TASK DETAILS →
No pictures belong in the copy. Restate the rest of the data exactly.

PROVIDED DATA →
==============================

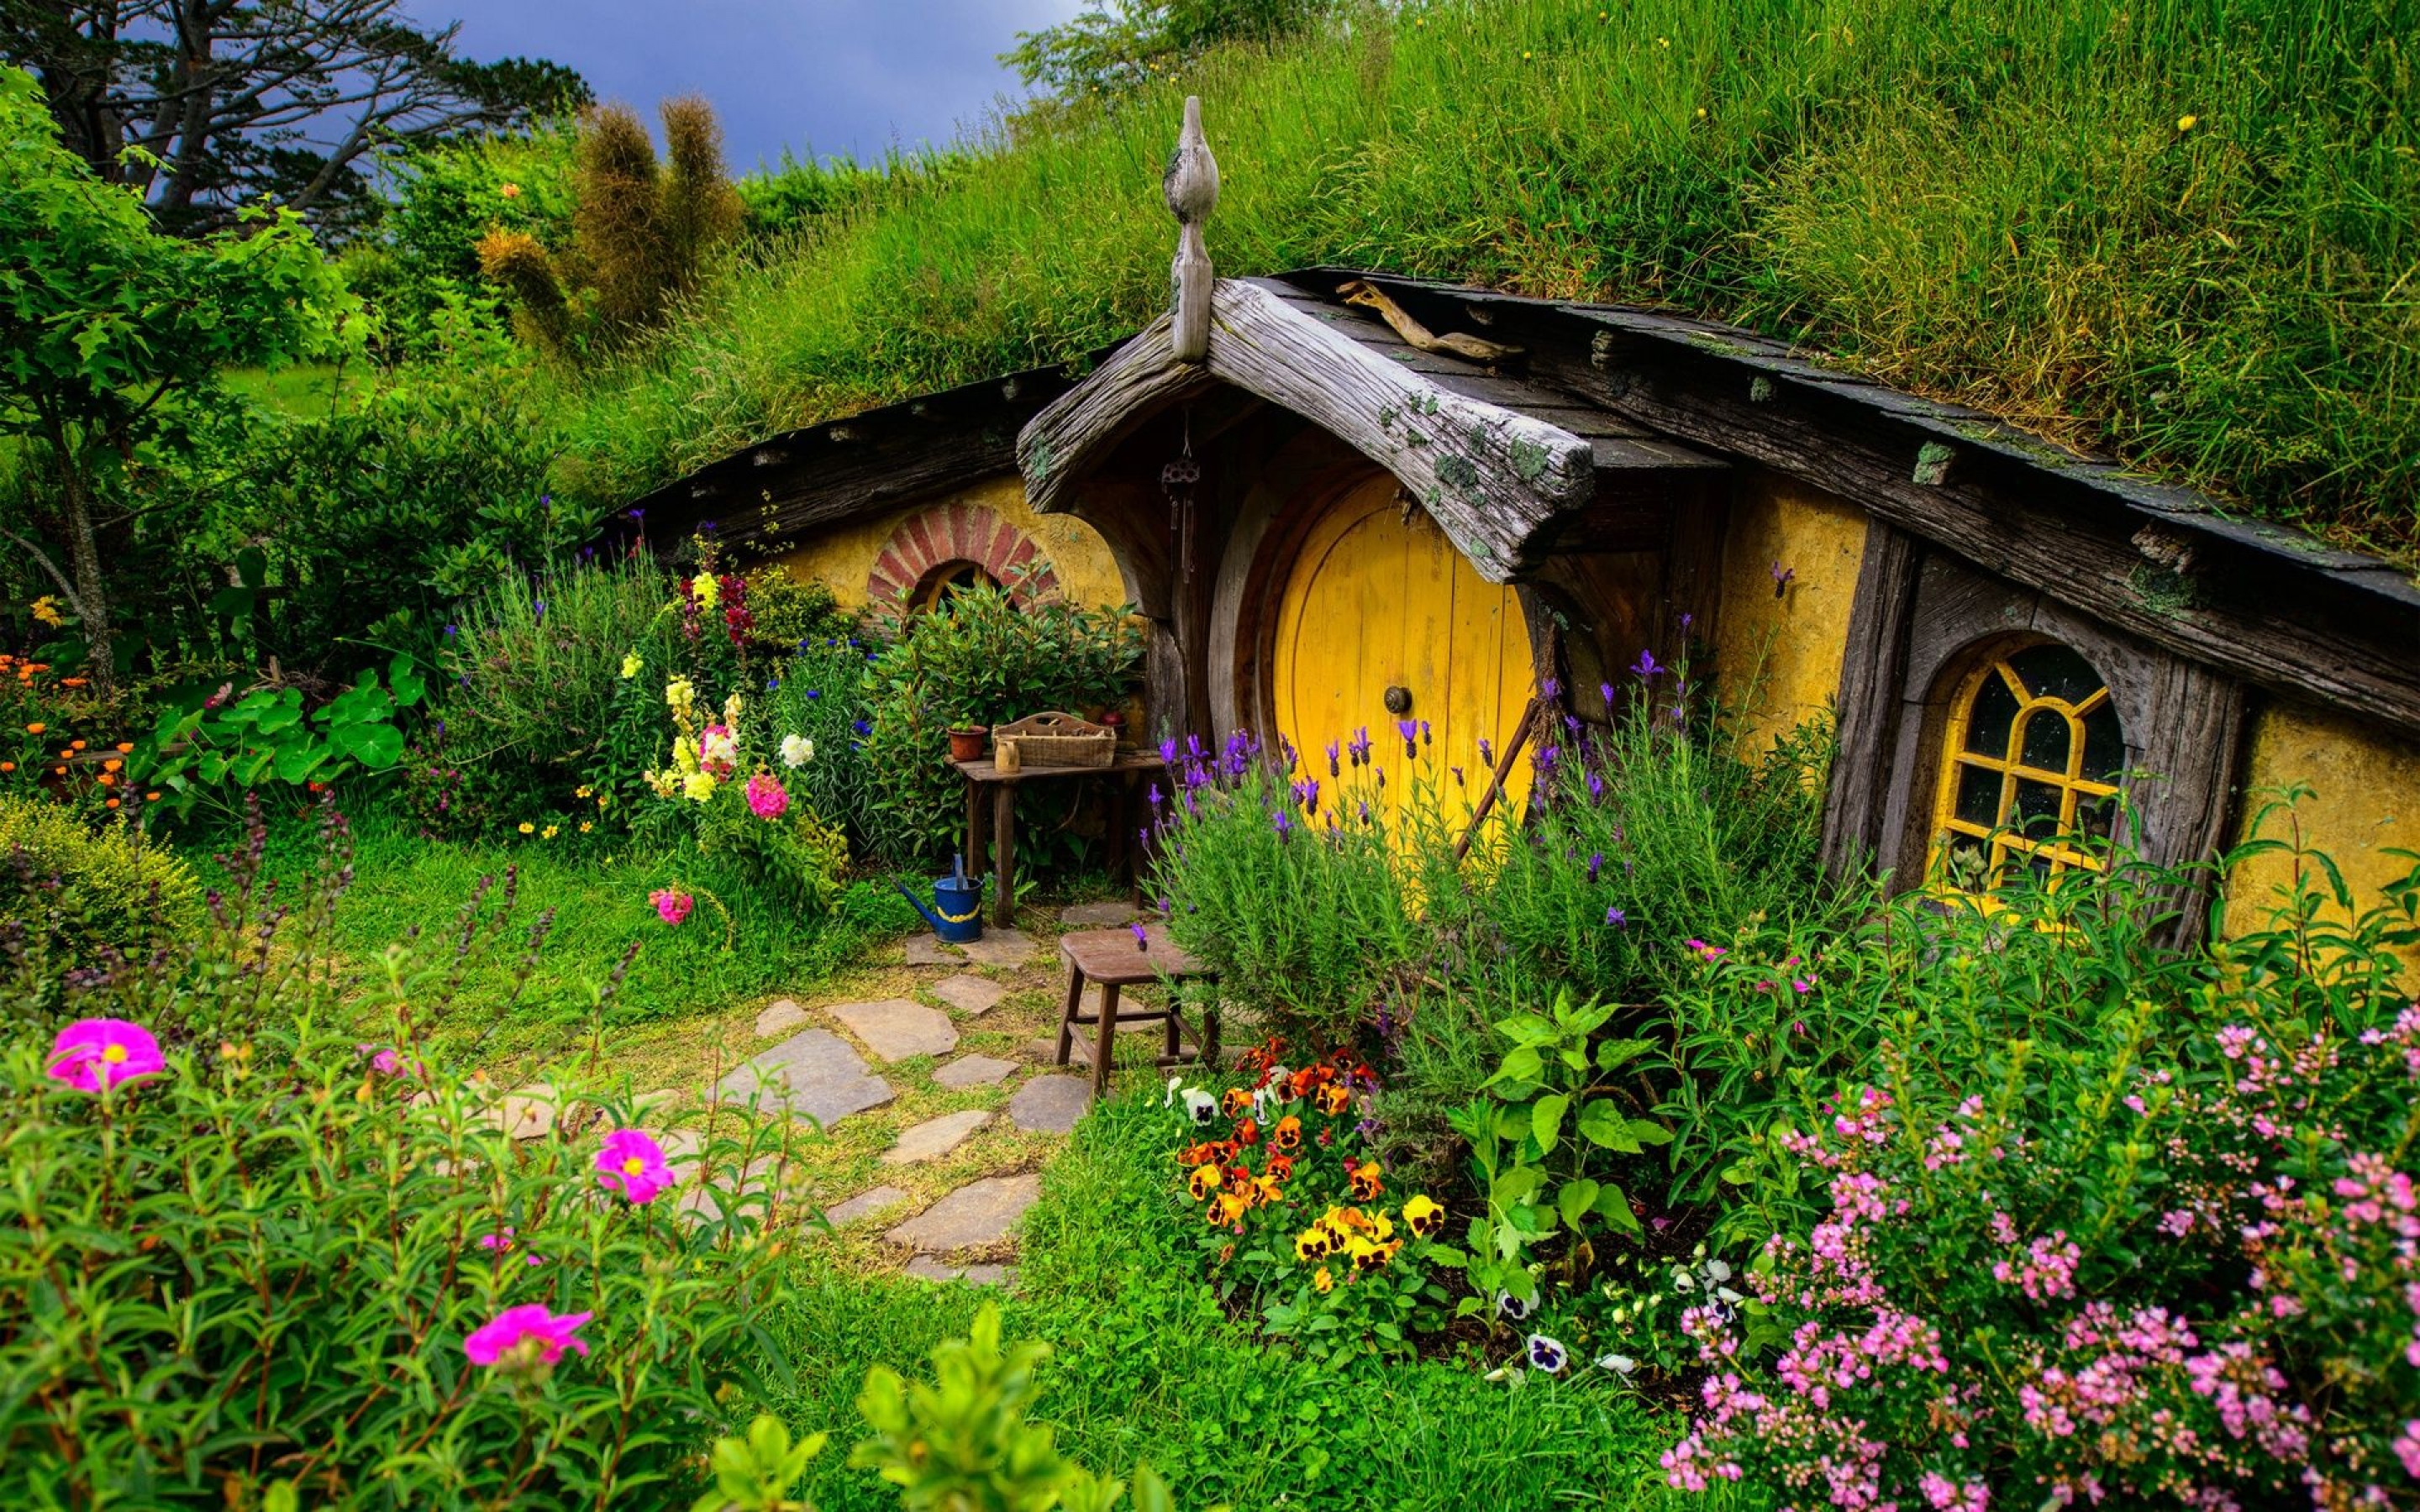 Lord-Of-The-Rings-Hobbit-House-Hill-Flowers-Grass-1800x2880
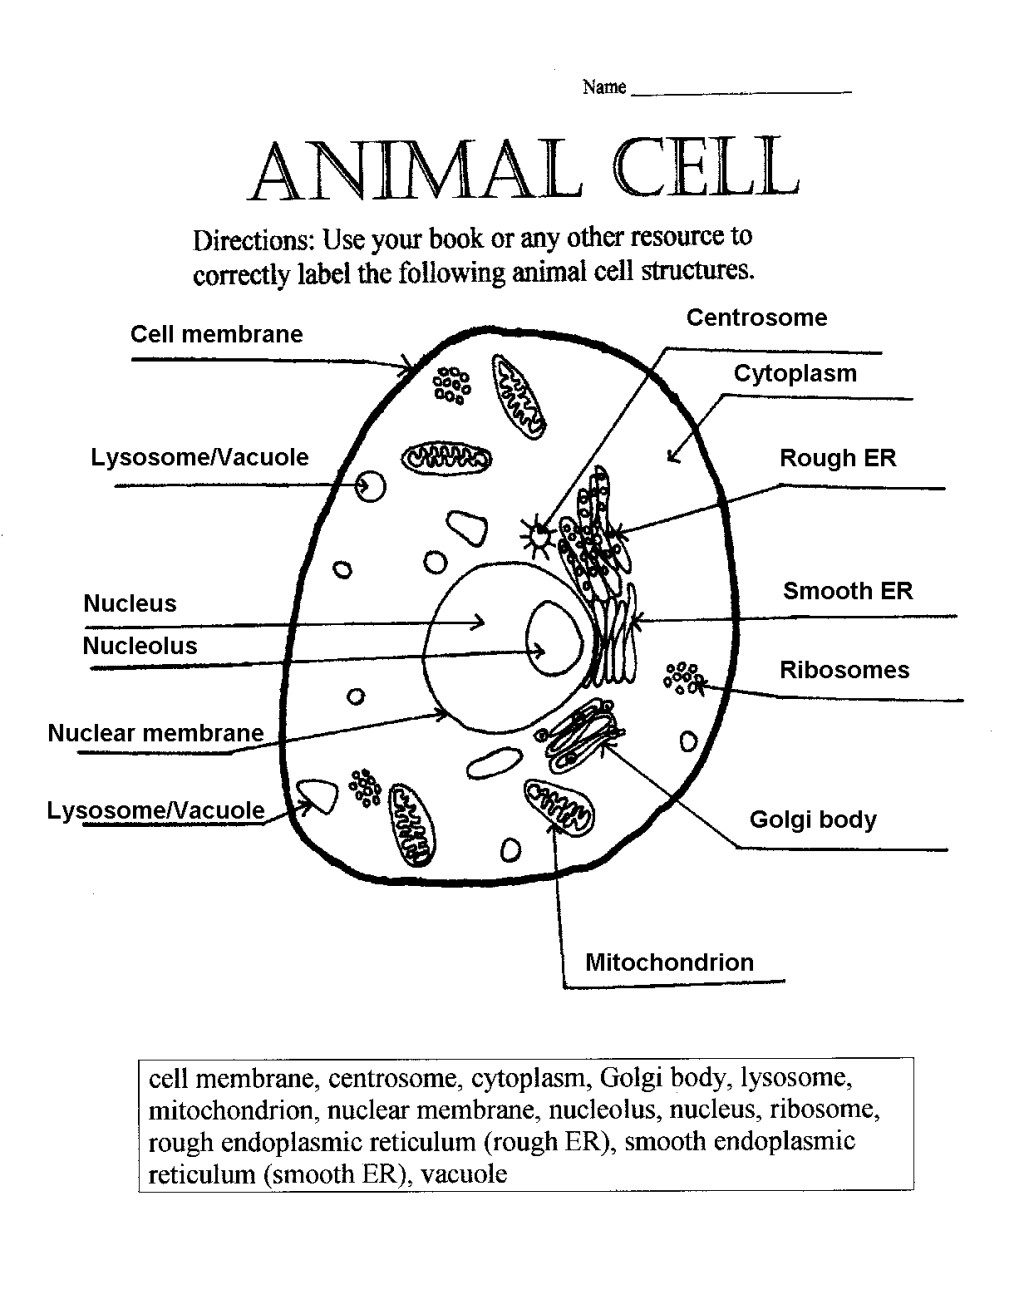 Download Animal Cell Sketch at PaintingValley.com | Explore ...
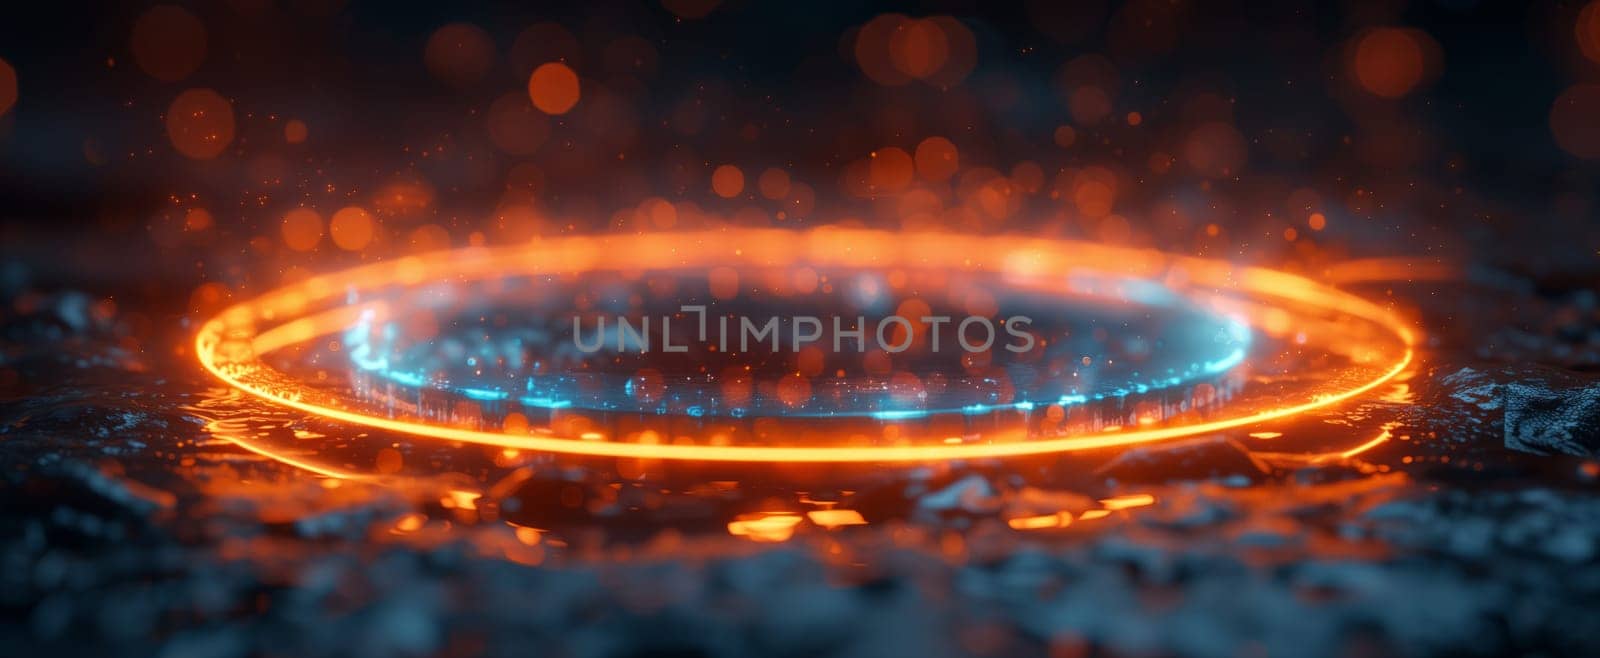 A ring of flame blazes at the center of the venue, creating a mesmerizing display of electric blue heat. The fiery circle adds an element of entertainment to the event space
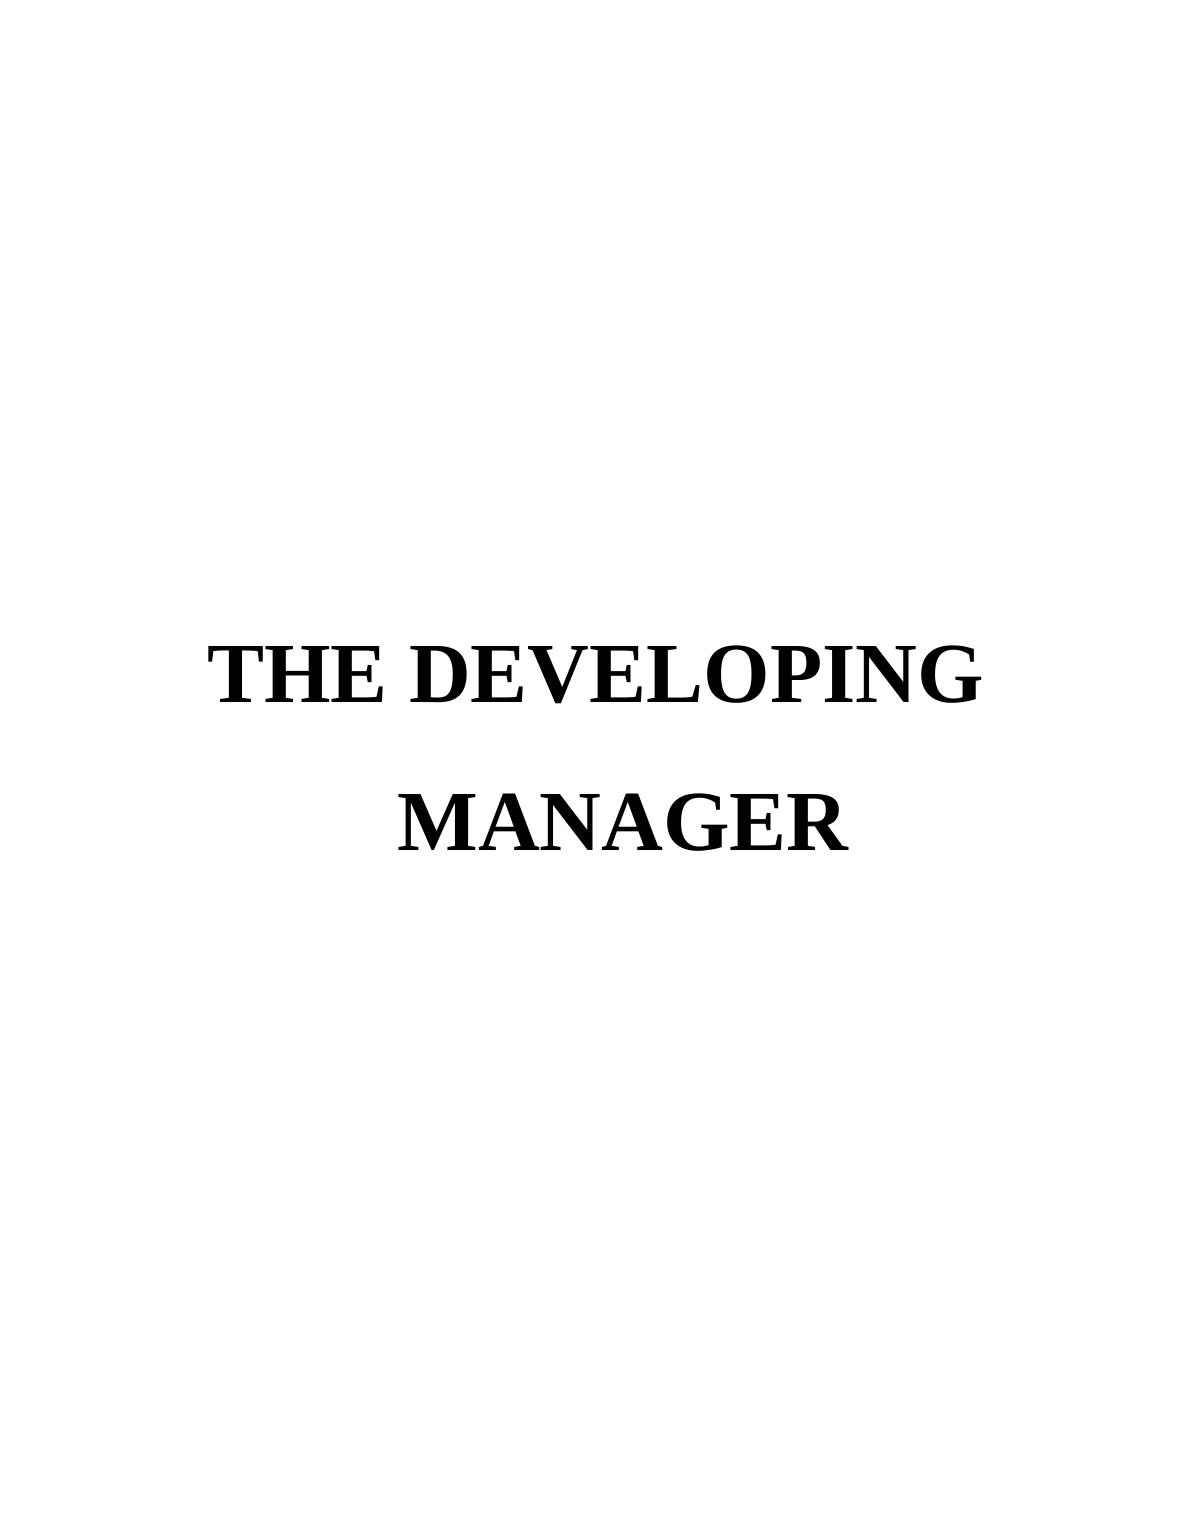 The Developing Manager Assignment : Savoy hotel_1

==============================

FINISHED EXERCISE →
 Lord-Of-The-Rings-Hobbit-House-Hill-Flowers-Grass-1800x2880
 Download Animal Cell Sketch at PaintingValley.com | Explore ...
 A ring of flame blazes at the center of the venue, creating a mesmerizing display of electric blue heat. The fiery circle adds an element of entertainment to the event space
 The Developing Manager Assignment : Savoy hotel_1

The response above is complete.